### [Task description]
All of the data should be restated word for word, with the pictures omitted.

### [Data section]
= = = = =

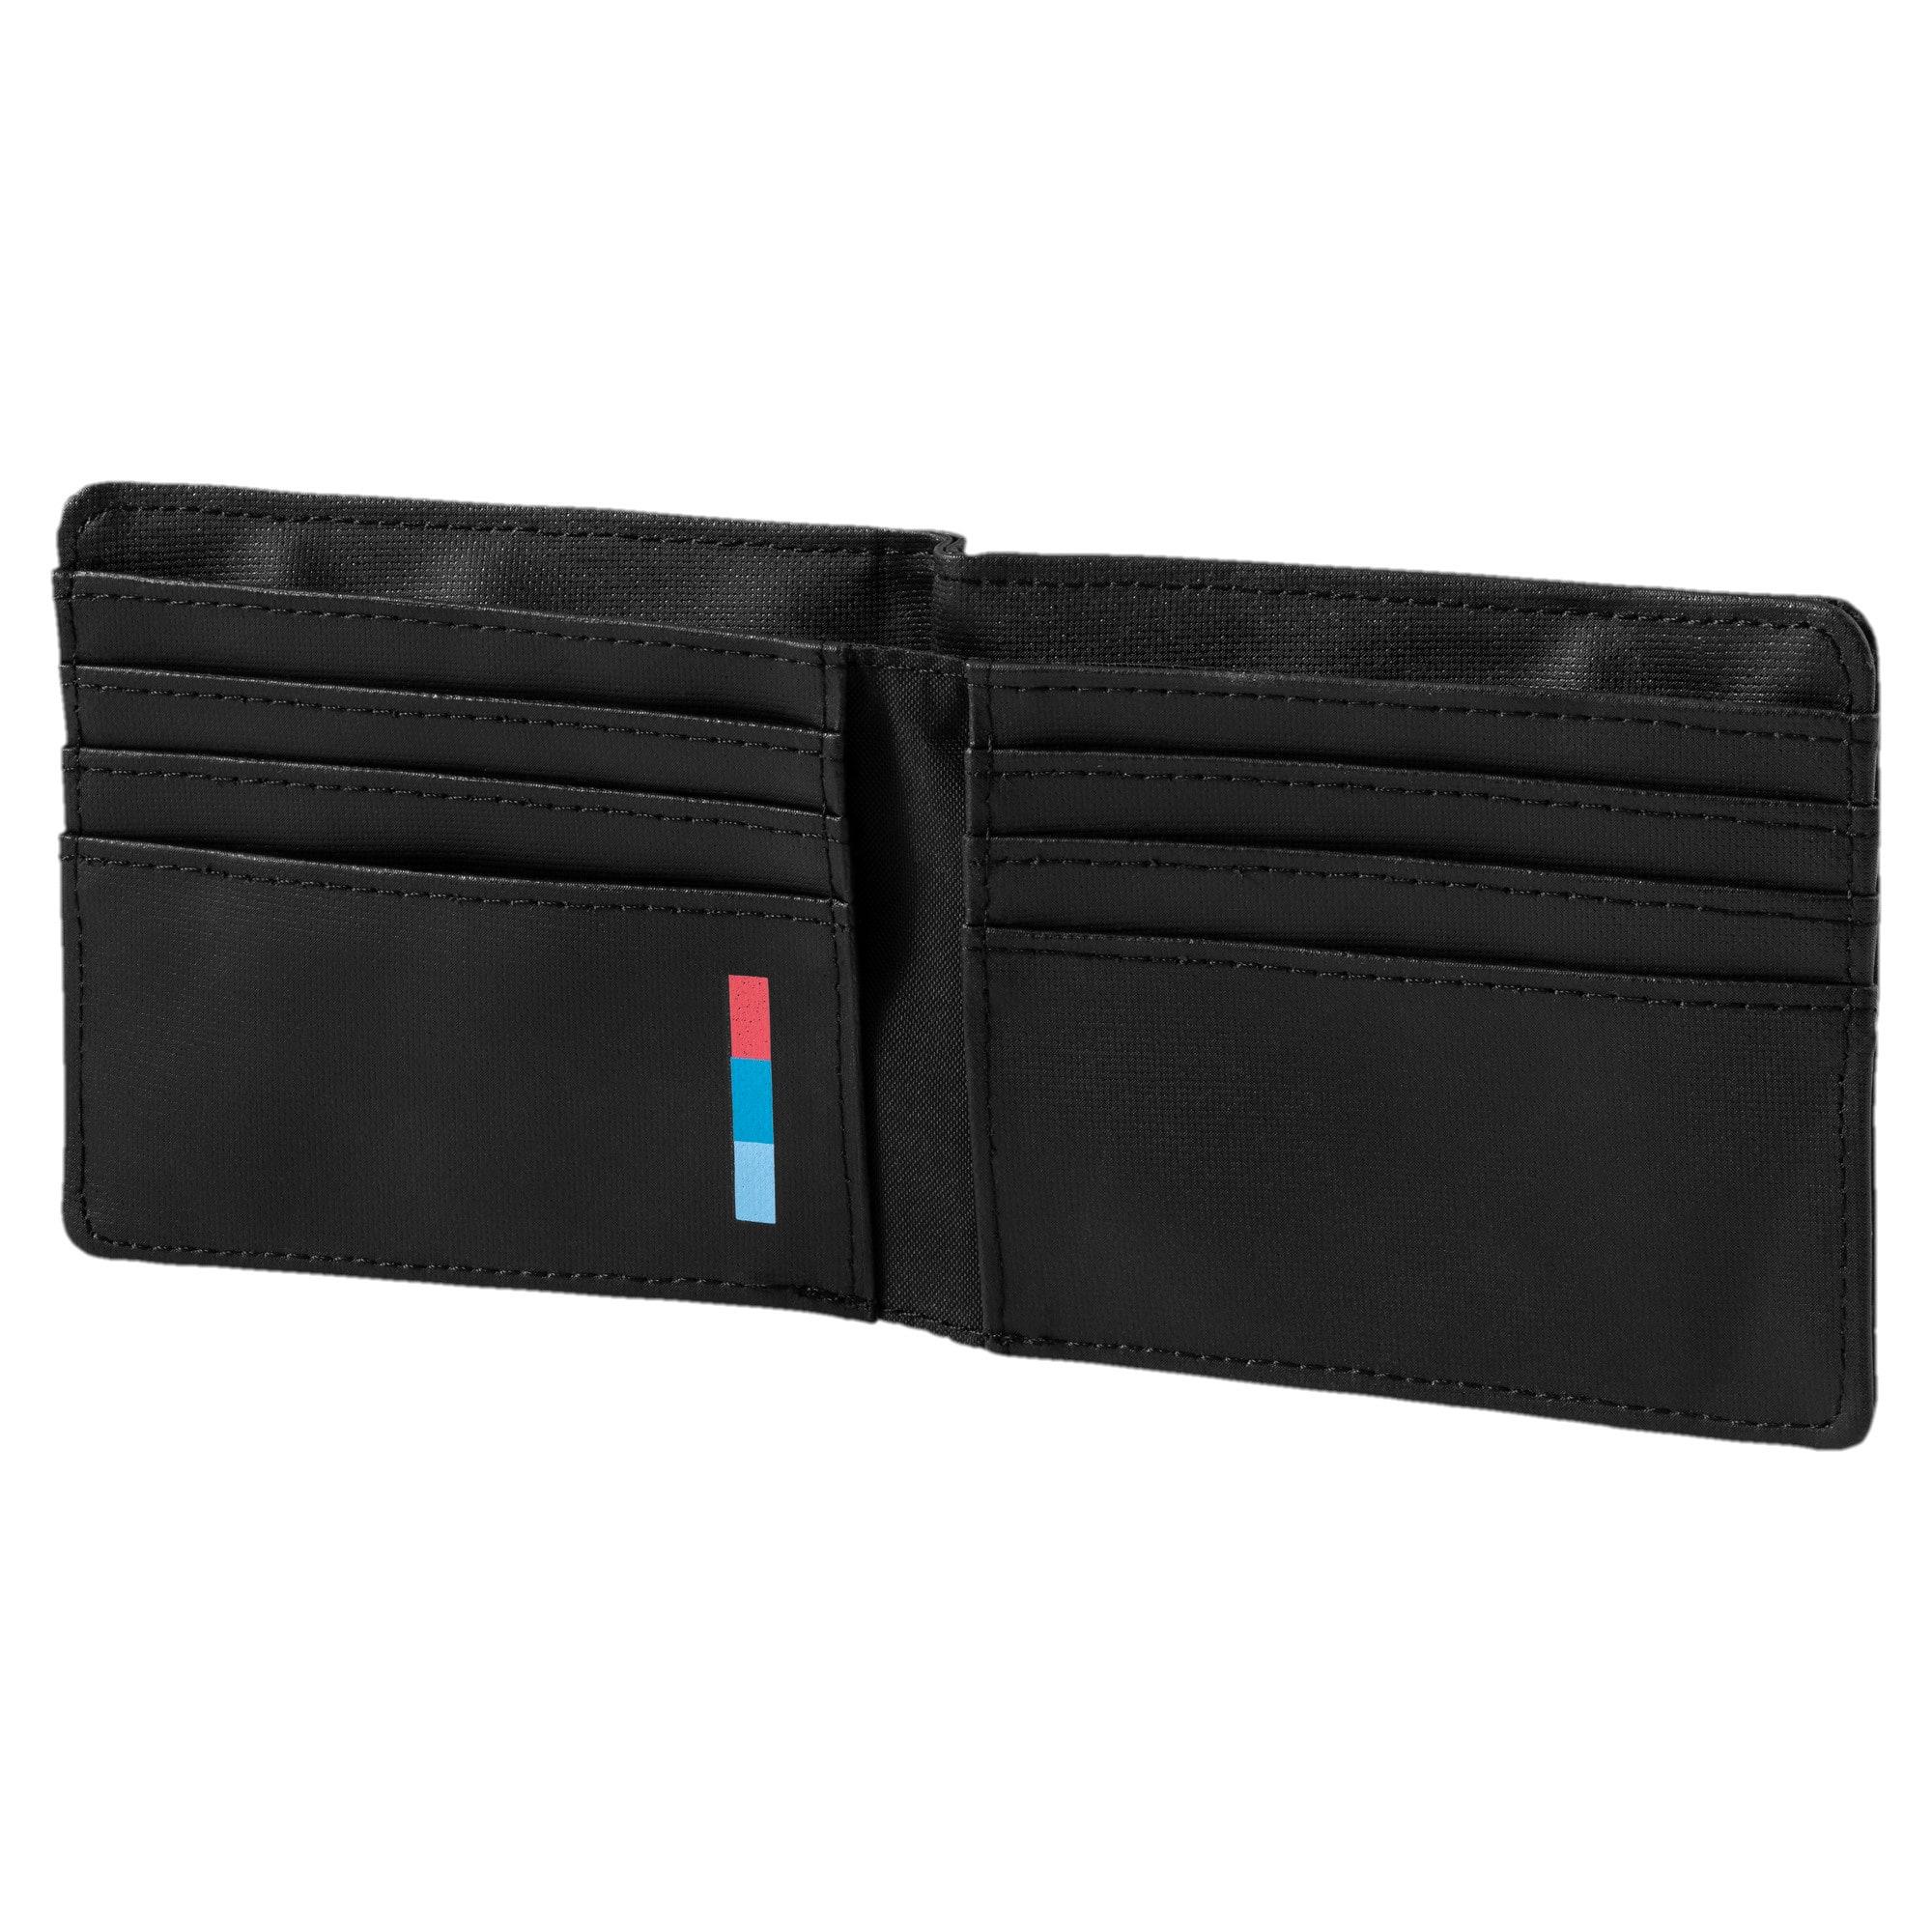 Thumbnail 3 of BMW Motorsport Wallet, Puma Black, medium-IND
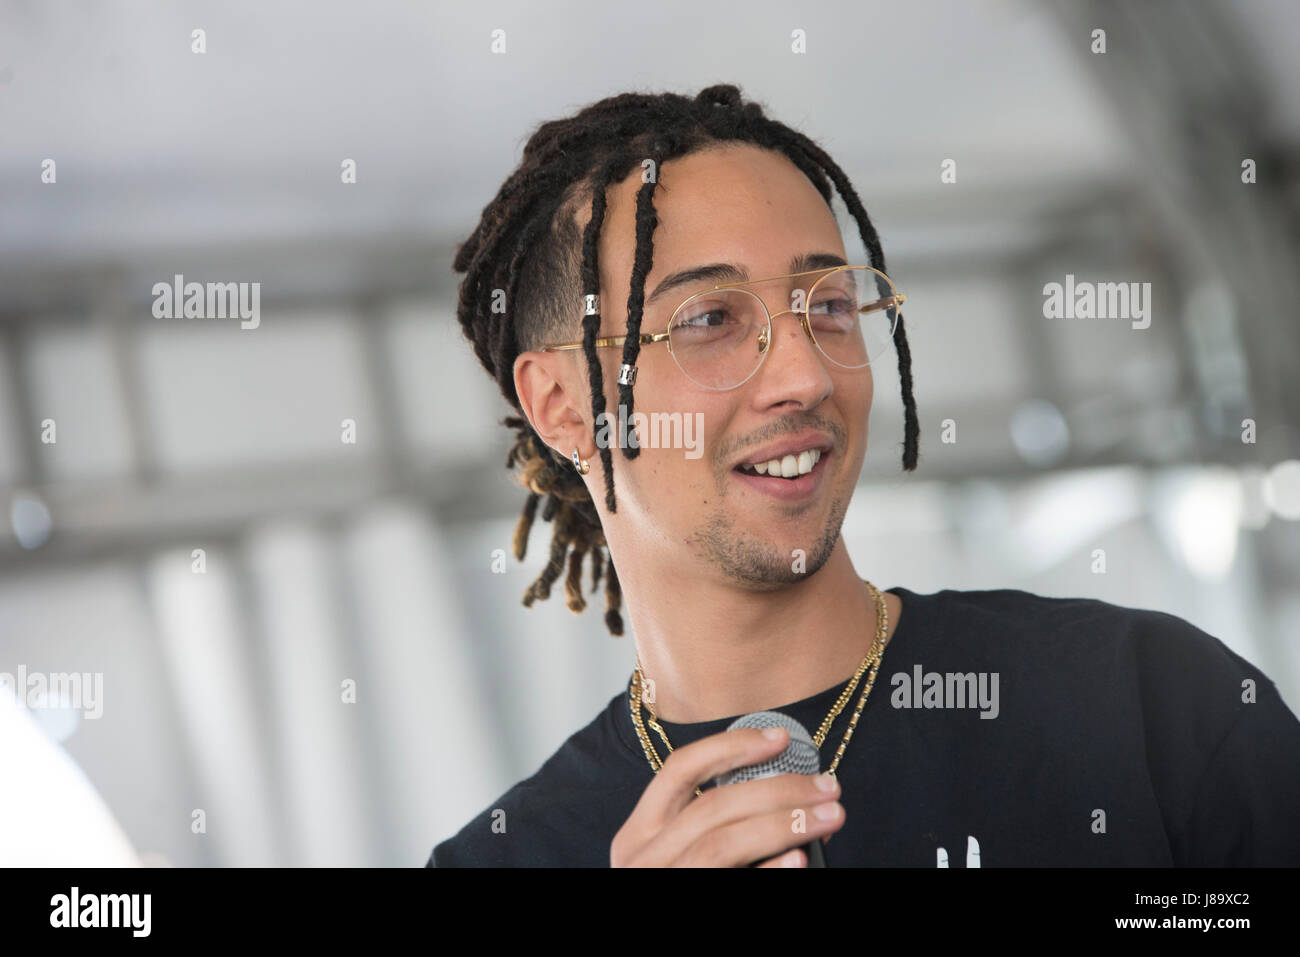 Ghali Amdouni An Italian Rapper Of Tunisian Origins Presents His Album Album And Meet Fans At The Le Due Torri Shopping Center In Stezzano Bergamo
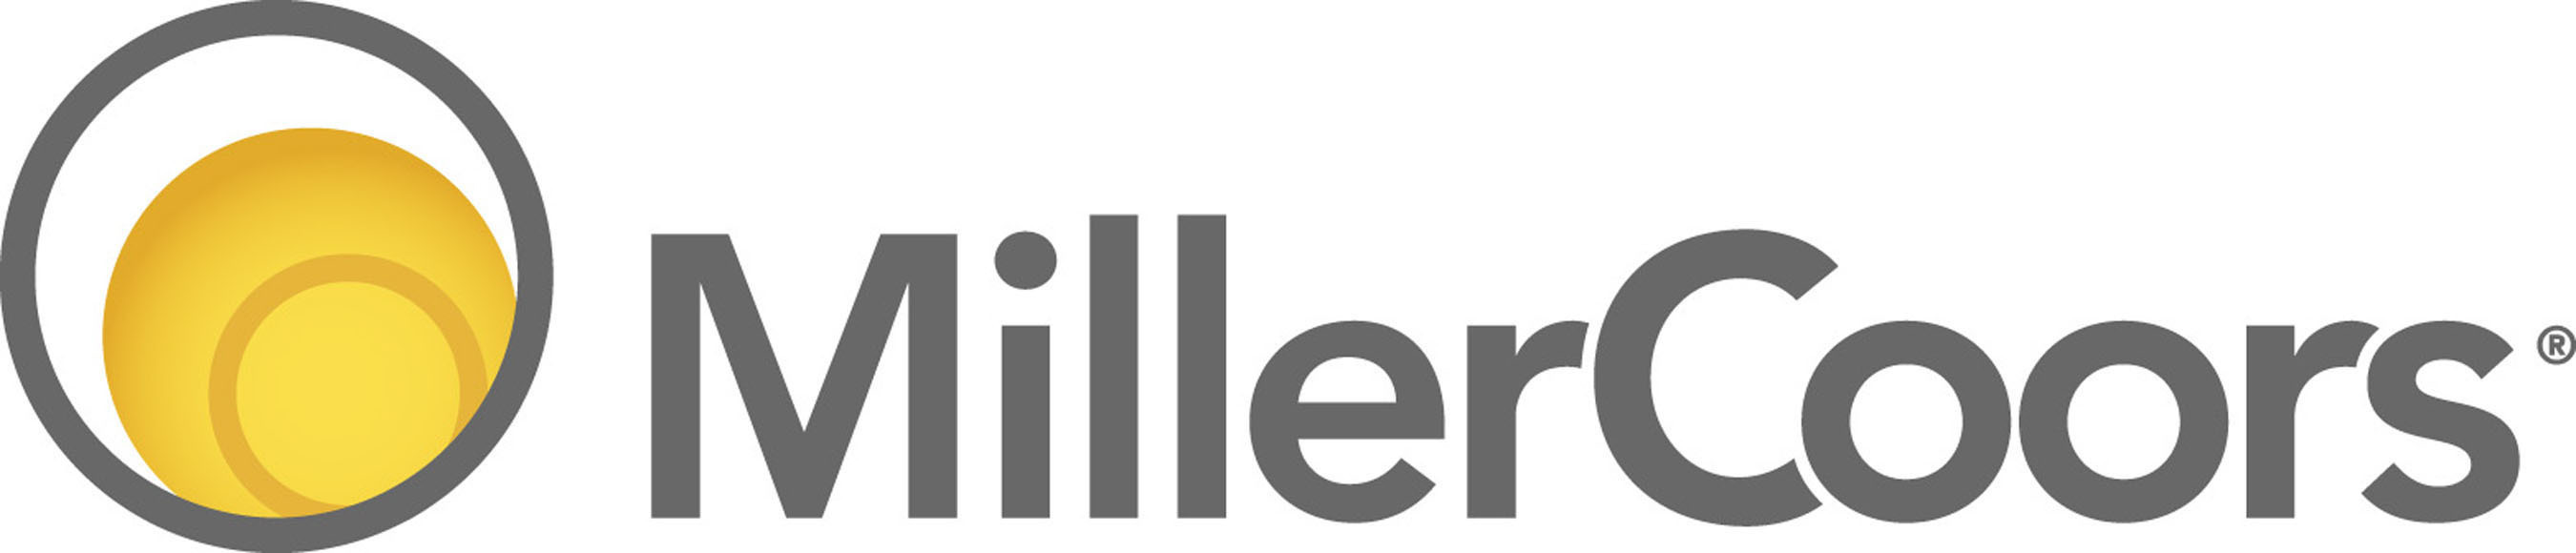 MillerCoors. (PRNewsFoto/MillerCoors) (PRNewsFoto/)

= = = = =

### [Result for this task]
 Thumbnail 3 of BMW Motorsport Wallet, Puma Black, medium-IND
 Ghali Amdouni An Italian Rapper Of Tunisian Origins Presents His Album Album And Meet Fans At The Le Due Torri Shopping Center In Stezzano Bergamo
 MillerCoors. (PRNewsFoto/MillerCoors) (PRNewsFoto/)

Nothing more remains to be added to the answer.